For each query, we need to travel up the trie following the fail pointers, in order to collect all the valid names we have met, and find the maximum value.
#include <iostream>
#include <queue>
#include <set>
#include <unordered_map>
#include <vector>
using namespace std;
struct Node {
int idx = -1, fail = 0, children[26]{};
};
int main() {
int n, q;
cin >> n >> q;
vector<string> names(n + 1);
unordered_map<string, int> dict;
unordered_map<int, int> id_dict;
vector<set<pair<int, int>, greater<>>> heaps;
vector<int> suspicion(n + 1);
suspicion[0] = -1;
vector<Node> nodes = {Node{}};
int idx = 0;
for (int i = 1; i <= n; ++i) {
cin >> names[i];
if (dict.count(names[i])) {
heaps[dict[names[i]]].emplace(0, i);
id_dict[i] = dict[names[i]];
continue;
}
dict[names[i]] = idx;
id_dict[i] = idx;
heaps.push_back({{0, i}});
int p = 0;
for (char c : names[i]) {
if (!nodes[p].children[c - 'a']) {
nodes[p].children[c - 'a'] = nodes.size();
nodes.emplace_back(Node{});
}
p = nodes[p].children[c - 'a'];
}
nodes[p].idx = idx++;
}
queue<int> que, visited;
vector<bool> vis(nodes.size());
for (int u : nodes[0].children)
if (u)
que.push(u);
while (!que.empty()) {
int u = que.front();
que.pop();
for (int i = 0; i < 26; ++i) {
auto &v = nodes[u].children[i];
if (v) {
nodes[v].fail = nodes[nodes[u].fail].children[i];
que.push(v);
} else
v = nodes[nodes[u].fail].children[i];
}
}
string output;
auto query = [&](string &s) {
int ans = -1;
int p = 0;
int idx = 0;
while (idx < s.size()) {
char c = s[idx];
if (nodes[p].children[c - 'a']) {
p = nodes[p].children[c - 'a'];
if (!vis[p]) {
vis[p] = true;
que.push(p);
}
idx++;
} else {
p = nodes[p].fail;
if (!p)
idx++;
}
}
while (!que.empty()) {
int u = que.front();
que.pop();
visited.push(u);
if (nodes[u].idx != -1)
ans = max(ans, heaps[nodes[u].idx].begin()->first);
if (nodes[u].fail && !vis[nodes[u].fail]) {
vis[nodes[u].fail] = true;
que.push(nodes[u].fail);
}
}
while (!visited.empty()) {
vis[visited.front()] = false;
visited.pop();
}
output += to_string(ans) + "\n";
};
while (q--) {
int t;
cin >> t;
if (t == 1) {
int i, x;
cin >> i >> x;
heaps[id_dict[i]].erase({suspicion[i], i});
suspicion[i] = x;
heaps[id_dict[i]].emplace(suspicion[i], i);
} else {
string s;
cin >> s;
query(s);
}
}
cout << output;
}
Auto comment: topic has been updated by lucifer1004 (previous revision, new revision, compare).
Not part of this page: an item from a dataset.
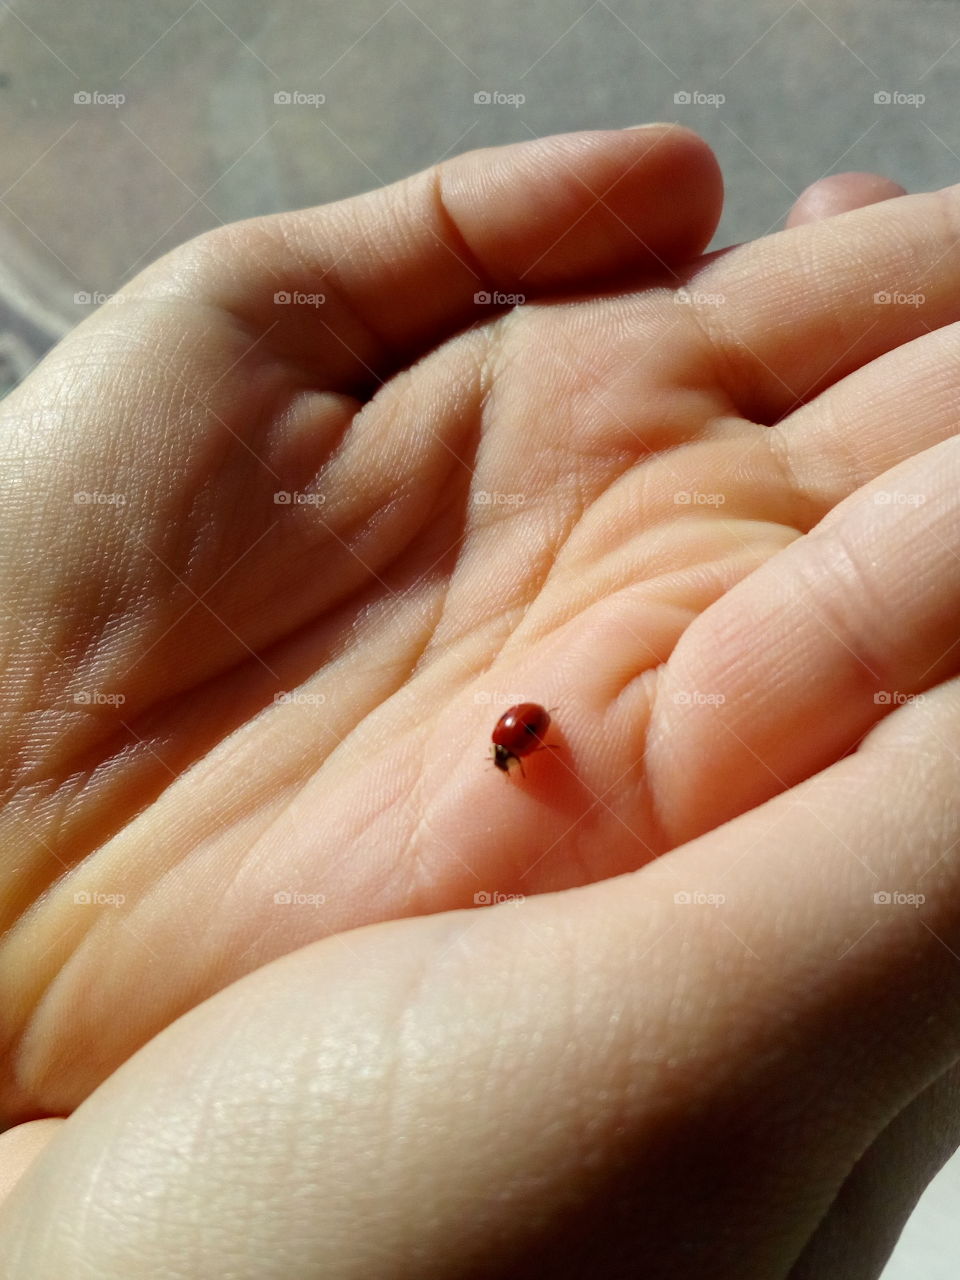 Holding a ladybug

Nice job but can you tell me why time max = 2*n for question c ?
Because $$$a[i]\leq n$$$, suppose that we put out the first oven at $$$t=n$$$, then the last oven can be put out at $$$t=2n-1$$$. We will never use $$$t>2n$$$ because we can always reduce the total unpleasant values by replacing it with a smaller time.
can you explain solution for C in more detail please.
Auto comment: topic has been updated by lucifer1004 (previous revision, new revision, compare).
thx a lot!
Auto comment: topic has been updated by lucifer1004 (previous revision, new revision, compare).
G is just a template problem if you use SAM.